Exponential growth explains how technology has developed in recent decades. At the same time, it is important to keep this in mind when making decisions about saving and investing.

One of the most ubiquitous concepts in mathematics, often counterintuitive but leading to surprising results, is exponential growth. Exponential growth is characterized by an amount that doubles over a period of time over and over again. And that leads to surprisingly large numbers very quickly.

There is a classic legend about the invention of chess that illustrates the consequences of exponentials. A minister invents the game in ancient India and presents it to his king.

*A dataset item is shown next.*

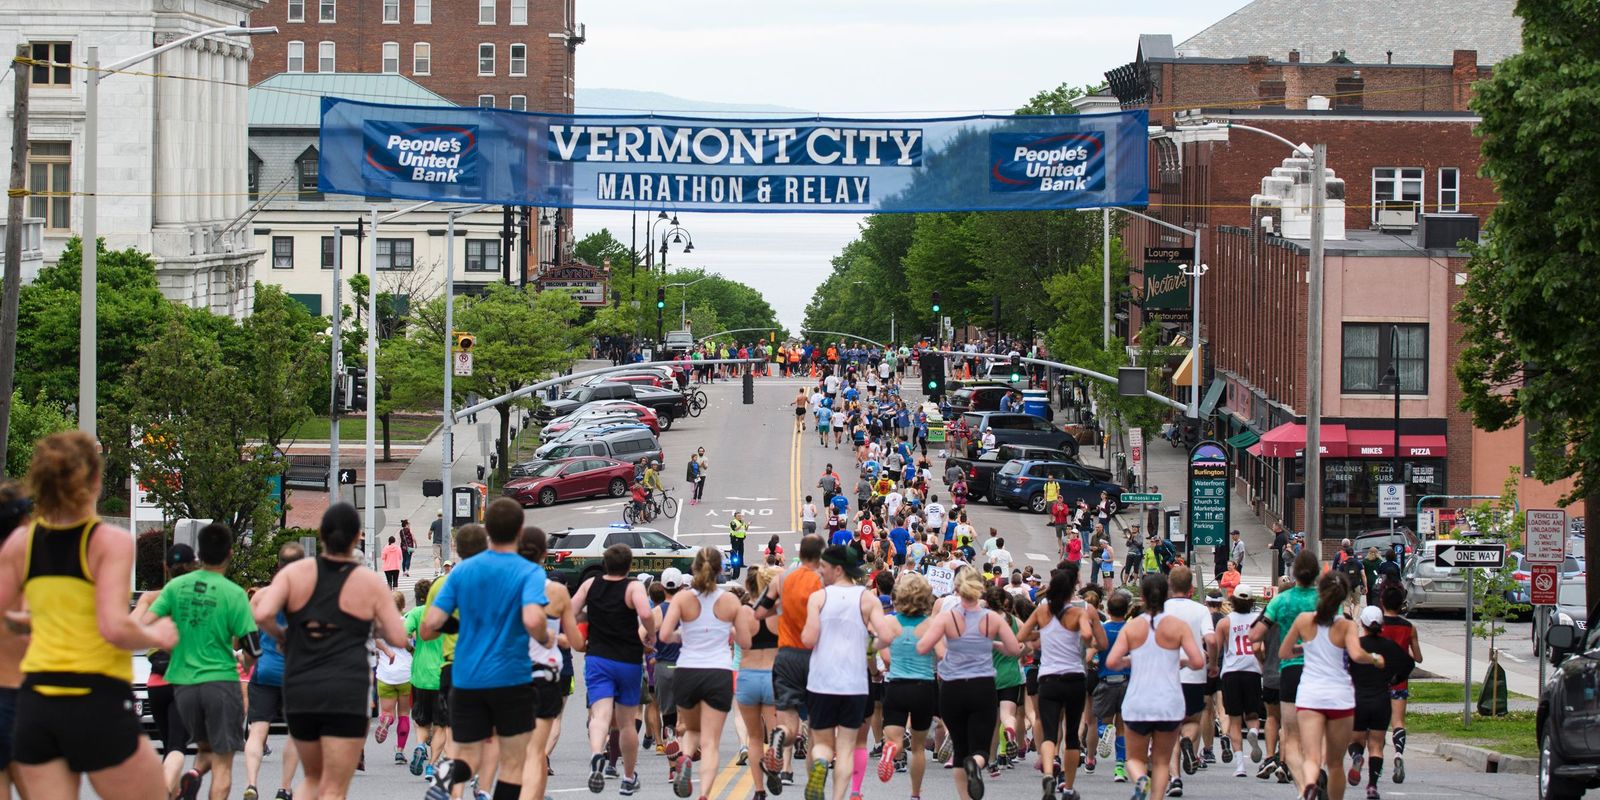 People's United Bank Vermont City Marathon

The king asks what he wants as a reward and the minister asks him to place a grain of wheat in the first square of a chessboard, two grains in the second square, four grains in the third, eight grains in the fourth, and so on. Successively for each of the 64 squares on the 8 × 8 square board.

## Is it possible to travel in a time machine? A mathematical model can make it viable

The king accepts, but the situation becomes untenable due to the constant duplication. On the eleventh tile of the board, the king needs to place 1,024 grains of wheat. On the 21st, we surpassed the million grain mark. On the final tile of the board, the king needs to place 9.223.372.036.854.775.808 wheat grains.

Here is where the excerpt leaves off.